Park in Tumwater, Washington

Pioneer Park is a community park located in Tumwater, Washington, on the Deschutes River.

==History==
Due to age, deterioration, and no longer meeting safety standards, structures in the park's main playground area were removed in 2025.

==Geography==
Pioneer Park is located in Tumwater, Washington off Henderson Boulevard. The Deschutes River provides the site's western and southern borders.

==Amenities and features==
The park is approximately 85 acre and is equipped for a variety of court and field sports; visitors can also access the Deschutes River. (Note: The Deschutes River, originally given the name, "Riviere des Chutes" by French fur traders, is translated as "River of the Falls".) The park's terrain is flat and contains a wheelchair accessible, partially paved loop trail covering 1.5 mi. There is a main playground area, a separate playground featuring a swing set and monkey bars, and several picnic locations.

The park is separated by a large parking lot; most trails are located in the southern parcel and athletic fields are to the north.

==Sports and events==
Pioneer Park is used as a primary viewing location from which to watch firework displays during the city of Tumwater's July 4th celebrations.

==Environment and ecology==
The grounds near the Deschutes River are considered a riparian habitat and contains a meadow and a deciduous forest interspersed with conifers. After a fish ladder was removed near Tumwater Falls in 1954, salmon had begun to respawn in the river.

The meadow area and shoreline of the river were replanted with native shrubs and trees around 2007. The efforts were undertaken to provide shade to the river, leading to an improved salmon habitat.

In 2021, the city of Tumwater, in partnership with the Washington Department of Ecology (WADOE), agreed to spend $450,000 to redesign and stabilize the park's shoreline, which contributes sediment into the Deschutes River, harming coho salmon.
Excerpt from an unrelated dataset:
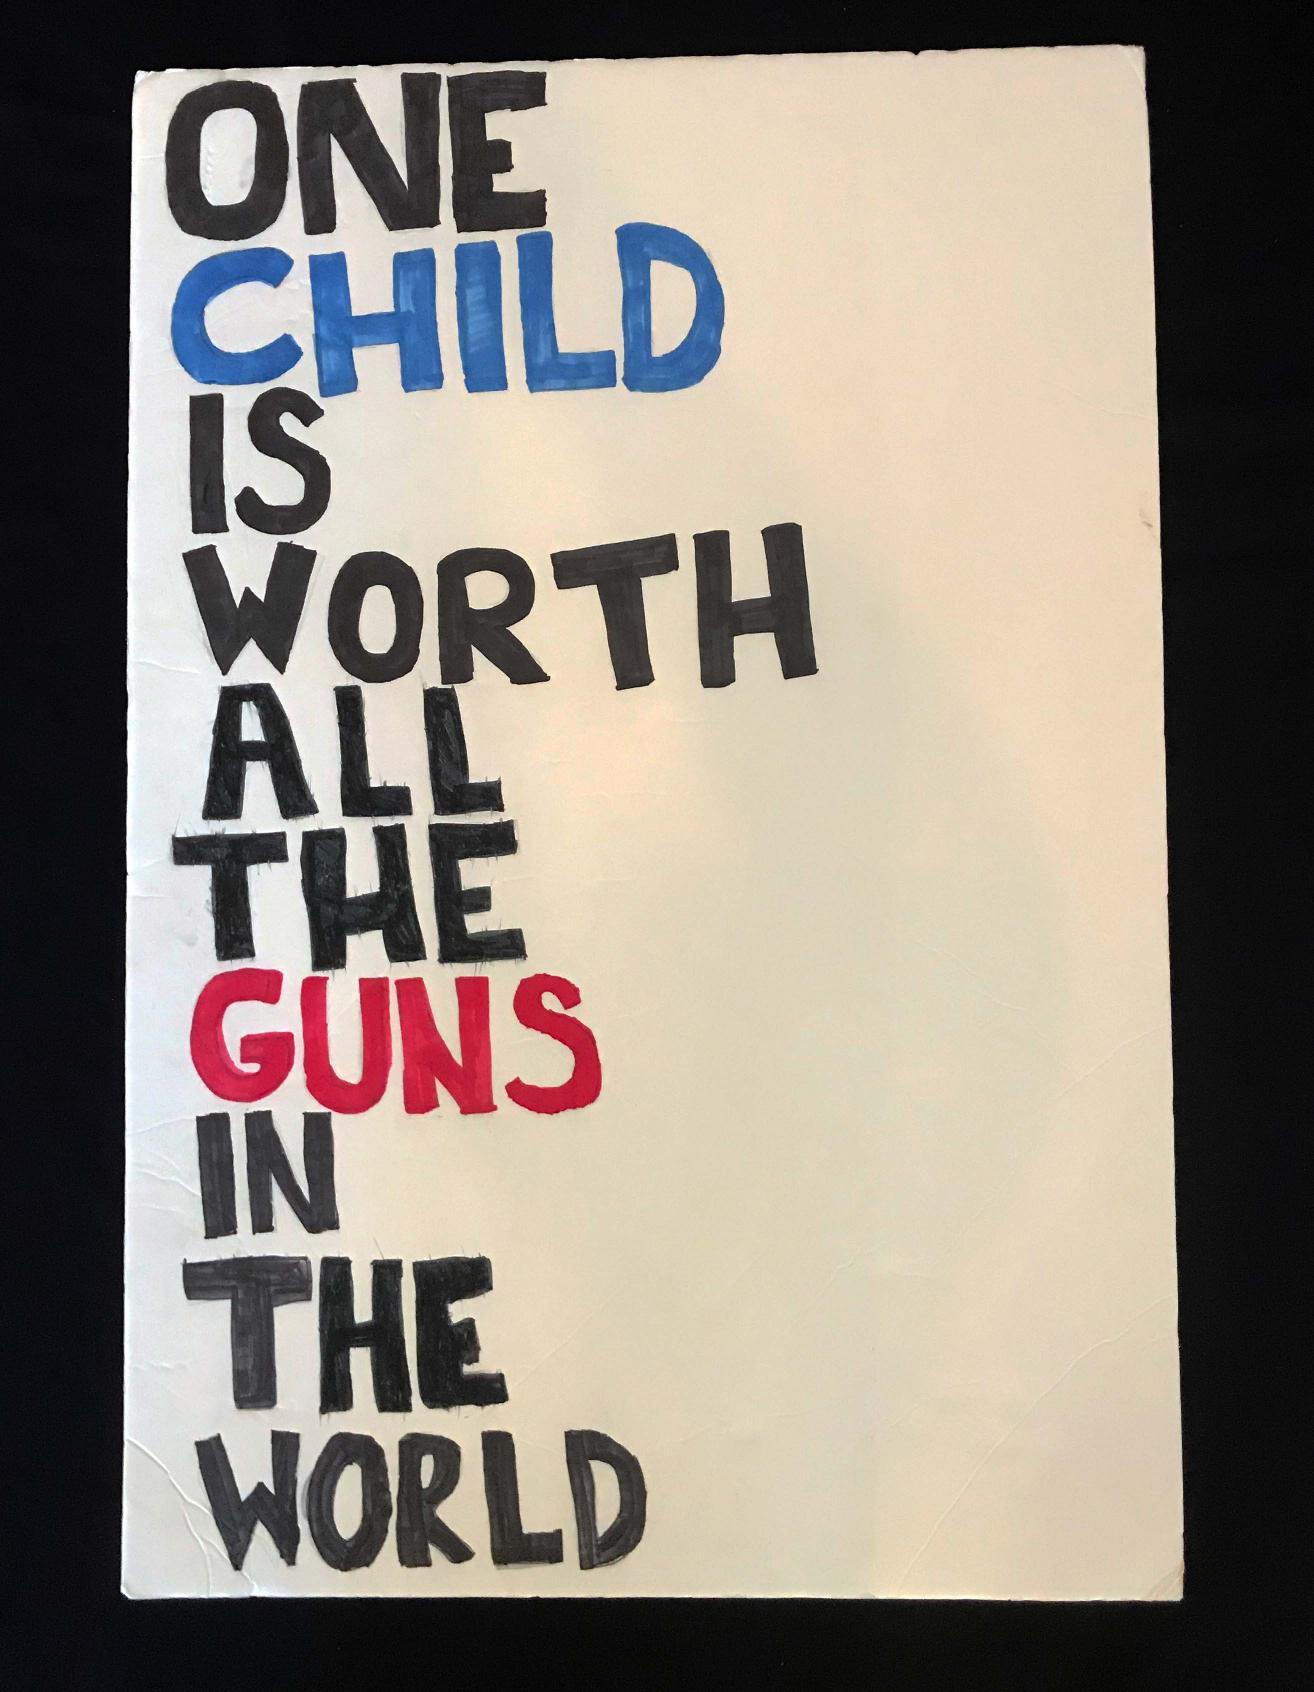 Charlotte March for Our Lives, 2018. Sign reads: "One child is worth all the guns in the world."

The first phase of the project included the planting of native vegetation and "riparian trees". A tree survey followed the next year, which included an inventory, evaluation, and recommendation report on existing trees near the river; a study to assess the project's affects on 27 species of wildlife was also undertaken. A second part of the partnership effort includes stabilization of the river's shoreline and is expected to be completed in 2027.